Winch 66 operates reversibly to extend and retract steel cable 60 to cause elongated pipe 40 to move vertically with hook 58 between an upper limit 21 U and on a lower limit 21 D. Also, means is provided to reciprocate the bracket 30 relative to the vertical pivot bearing 32 carried on pedestal 28 to pivot the elongated pipe 40 over an angle of at approximately 90 degrees or slightly more to enable the inner end of elongated pipe 40 to scan a quadrant of the interior surface 18, the center of which is defined by a vertical plane passing through the diameter of the horizontal cross-section of the blast furnace at the level of sills 26.
The apparatus just described is used whenever an inspection of a blast furnace shows that a part of the interior wall has become eroded. The portion of the interior wall most likely to be eroded is a band extending circumferentially of the interior surface from a lower level about 5 feet above the mantle 12 to an upper level approximately 20 feet above the mantle. Therefore, the location of the sills 26 at approximately 10 feet above the level of the mantle is most suitable to practice the present invention.
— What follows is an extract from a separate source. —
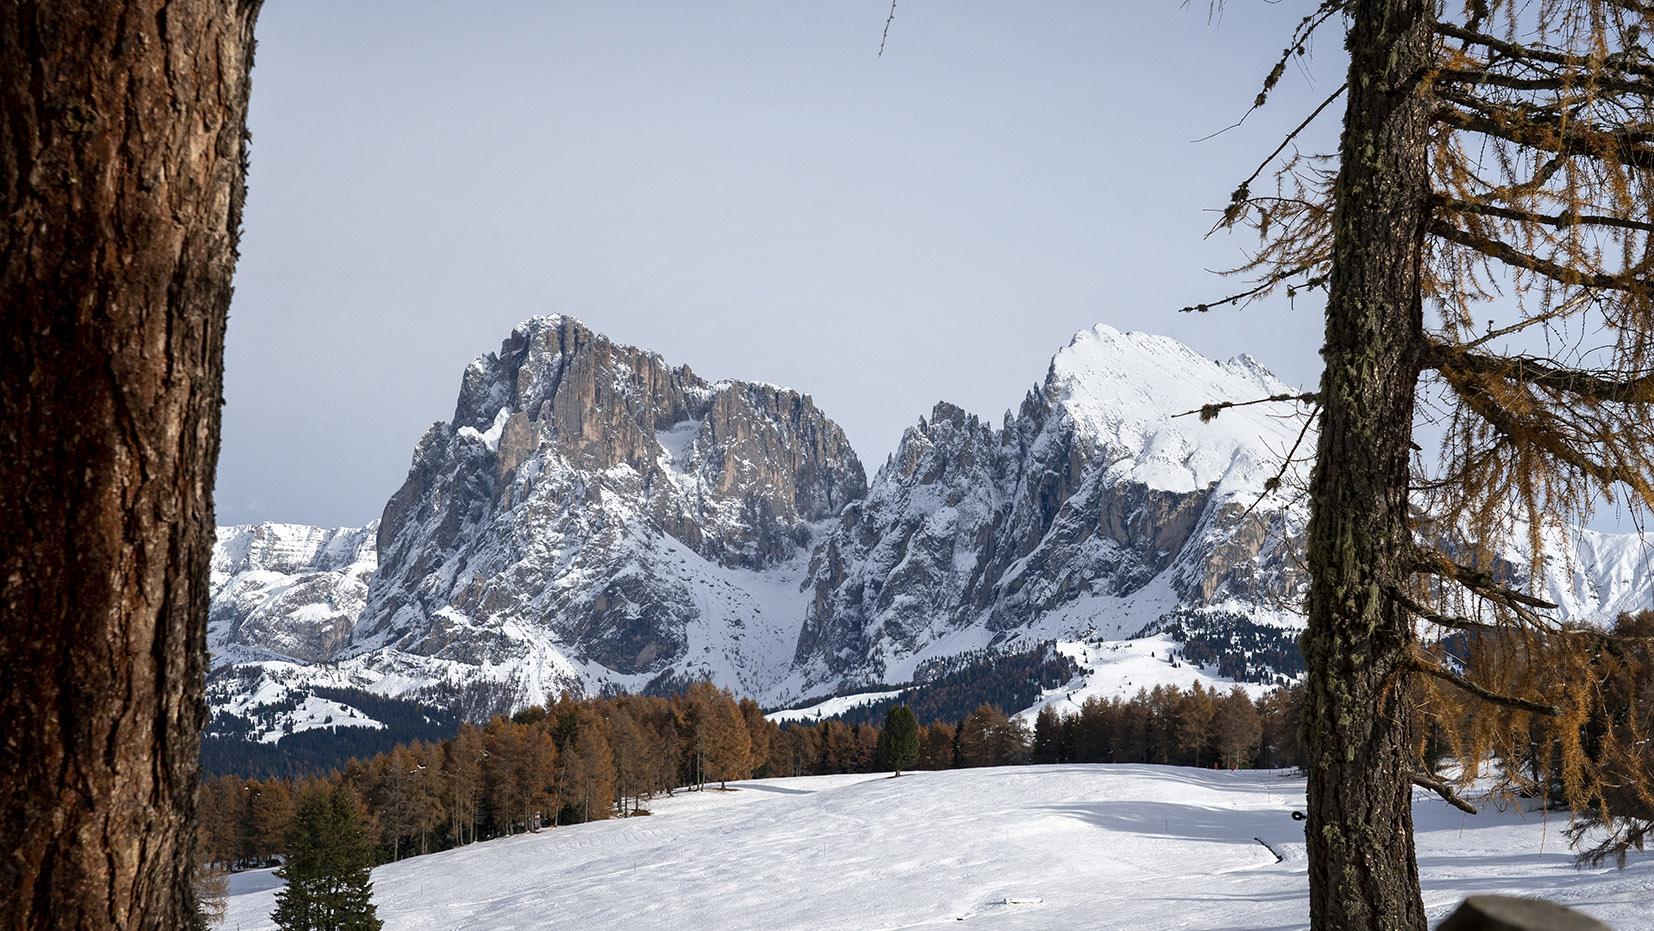 Une semaine dans les Dolomites Alpe di Suisi automne neige montagnes troncs

Whenever a portion of the interior surface of a blast furnace becomes eroded and begins to scale, it is necessary to first remove the scale and then apply a new refractory coating to the area that has been cleaned of the scale. The preferred thickness of the refractory material to be applied to the interior surface 18 is preferably in the range between 18 and 22 inches.
In using the apparatus just described, the elongated angle iron 38 with the elongated pipe 40 inserted through the longitudinally spaced rings 41 is surrounded by the polygonal shaped, open-ended hook 58 that is applied around the inner portion of the angle iron 38. The winch 66 has been rotated in a direction to lower the steel cable 60 with its open ended polygonal hook 58 extending from the bottom thereof. A short hook is used to grab the open-ended polygonal hook 58 to bring the open-ended polygonal hook 58 in surrounding relation to the elongated angle iron 38 and its supported elongated pipe 40 is threaded through longitudinally spaced rings 41. The pipe 40 extends beyond the interior end of the elongated angle iron 38 and the exterior end of the elongated pipe 40 extends beyond the end of the elongated angle iron 38. Pedestal 28 is also provided with a pair of rollers (not shown) to facilitate rolling movements of the elongated angle iron 38 from a position exterior of the blast furnace to a position within the furnace. The winch 66 is adjusted to permit the length of the steel cable 60 to be adjusted as the angle iron 38 and its supporting elongated pipe 40 is inserted into the interior of the blast furnace 10 through one of the circumferentially spaced windows 21, 22, 23, or 24.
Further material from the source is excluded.